Quito Rymer's farewell concert
Quito Rymer performs during his farewell concert on Saturday at his beach bar and restaurant in Cane Garden Bay. (Photo: SHAUN CONNOLLY)

To boost the tourism industry, the Virgin Islands should clean its roadways, shore up its infrastructure, and revisit plans to build a casino, among other steps, according to singer and businessman Quito Rymer.

Speaking as he prepared for his farewell concert on July 13, the local music legend said he hopes to complete the sale of his Cane Garden Bay hotel and restaurant to One Mart owner Mark Vanterpool by the middle of next month.

After that, he will no longer have a business presence in the territory, he said, adding that he has property in Wisconsin and is considering retiring to Hawaii in a few years.

“Now it feels like it’s time to move on,” he said. “I think I need to step away. This August it will be 43 years since I have been in business. The restaurant came before the music started. I was setting myself up a venue that I couldn’t be fired from.”

Advice

Though he is set to retire abroad, Mr. Rymer had plenty of advice to offer the VI.

“The territory is hurting,” he said. “It looks like a third world country now, and we are not. Every time I fly back home and I get off [the plane], it’s like a sucker punch. It hurts to see it.”

He recommended starting with straightforward steps.

“You come out of the airport and the stuff — it needs to clean up,” he said. “Even if you can’t get all the buildings done: clean up, fix the roads. It’s just terrible.”

Mr. Rymer also called for a territory-wide strategy to tackle such issues.

“I don’t think enough is being done,” he said. “I was hoping that this new government would have had a plan for roadworks across the whole territory.”

Though he said successive governments have not lived up to expectations over the years, he still has high hopes for the current administration.

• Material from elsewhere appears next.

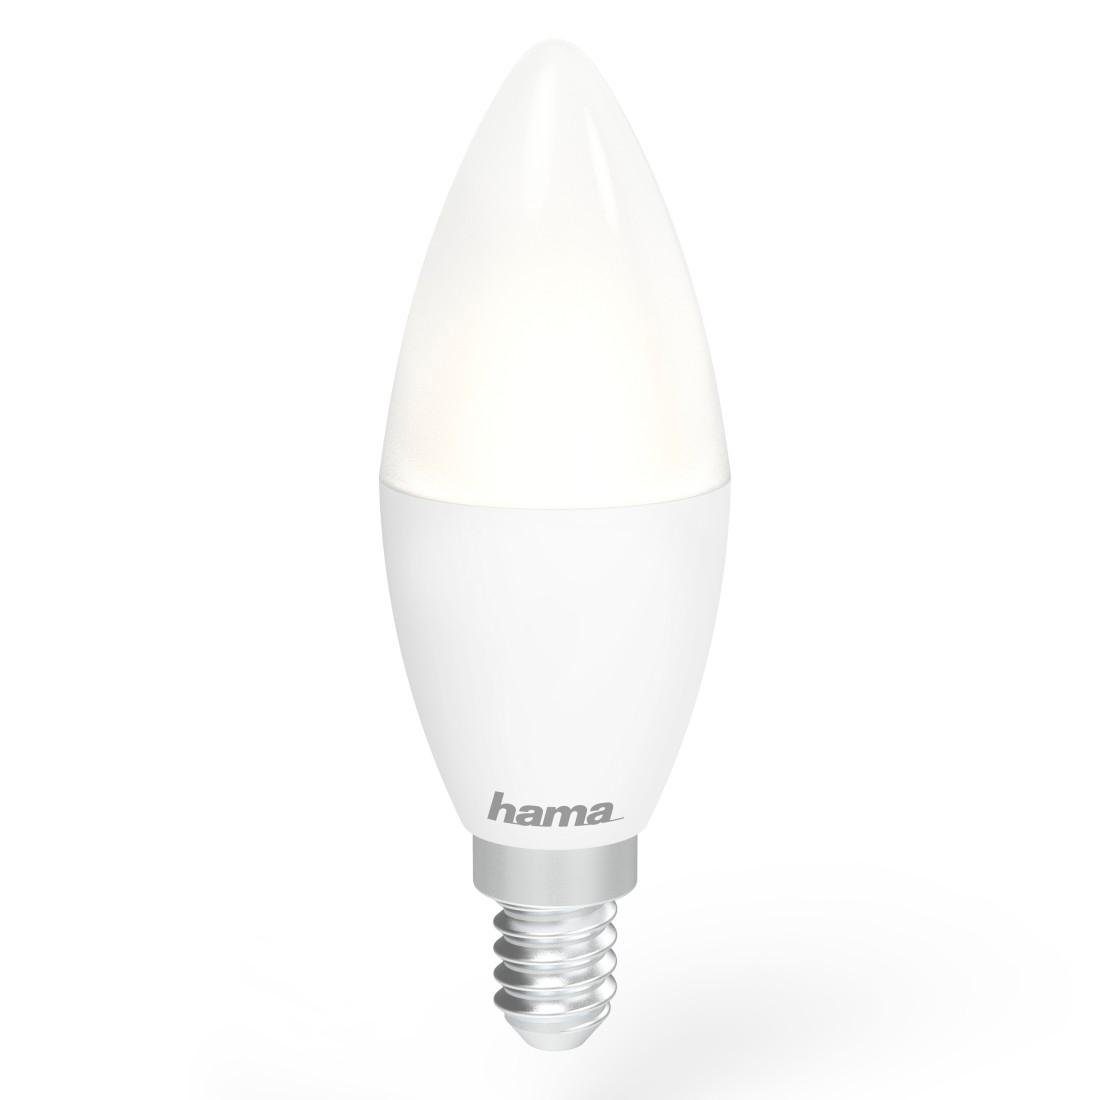 Hama Smarte LED-Leuchte Smarte wechselbar, Warmweiß Hub E14 Kerze Typ ohne LED 5,5W, 6500K LED - 2700K Tageslichtweiß, Glühbirne
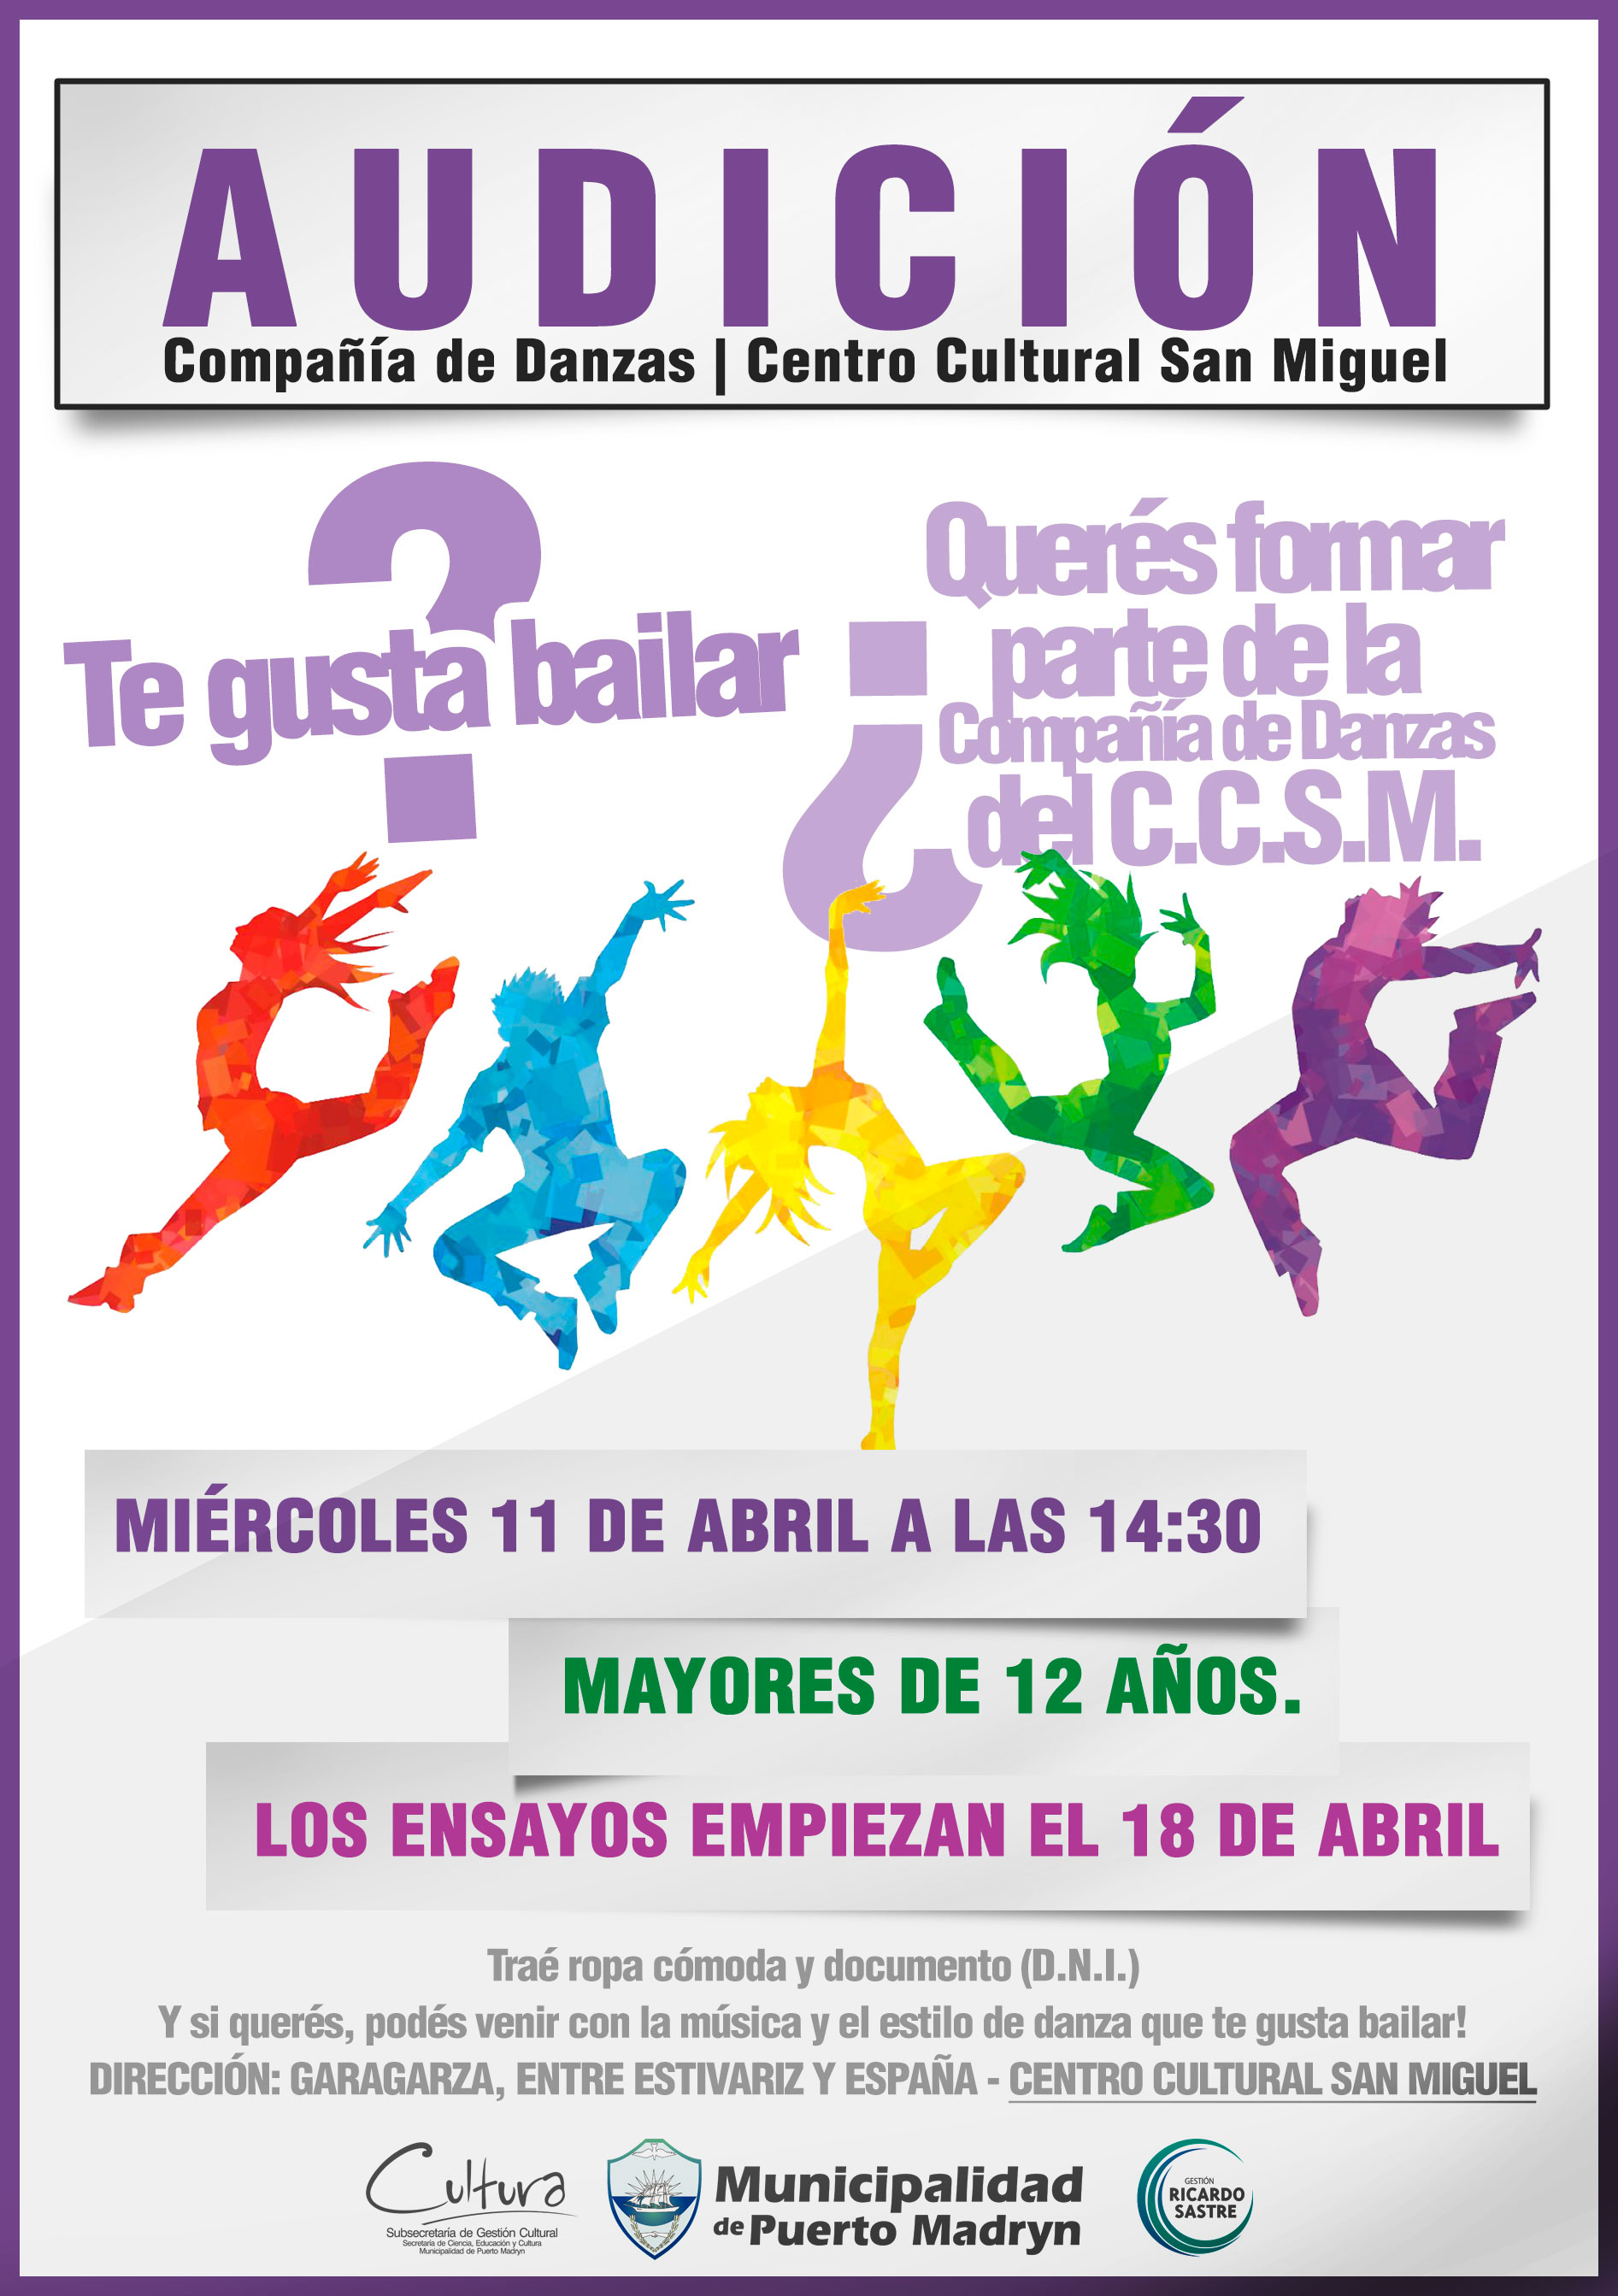 Compañía de Danza del Centro Cultural San Miguel

“They just got in, so I am willing to give them a little more time,” he said. “They are young and energetic people. They are smart people. So I don’t see the reason they can’t get it together.”

Recent progress

He added that some progress has been made in recent years.

“The government did a good job in getting American Airlines back, which helps,” he said. “But I think we need a lot more attention. I want to see them just start doing more.”

The performer added that the VI has a lot to offer visitors.

“The territory itself, it still draws people in because of the sailing, the beaches,” he said. “That’s not going to change. It would be nice to see more done.”

Storm struggles

Mr. Rymer said he has been through a lot in recent years with his restaurant and his 21-room hotel, which opened in 2019 after delays caused by Hurricane Irma.

“The restaurant, the Gazebo, got knocked down several times,” he said. “Sometimes the swell was getting really high and sometimes knocked it down. We just rebuilt it and kept going. It was always a battle between the ocean and myself.”

When Irma struck, the hotel was under construction and he was traveling in Africa.

“The hotel was not too bad,” he said. “We didn’t have the doors and windows in yet. It just kind of blew through it. But the restaurant, it really got hit. It took out the whole floor, whole kitchen. Everything was gone.”

Since he was away from the territory, he was only able to see the destruction in photos at first.

“I saw pictures, but nobody showed me the pictures of the inside,” he said. “They just showed me the pictures of the outside, and it looked good. And then when I got back here everything was gone inside. It was very shocking.”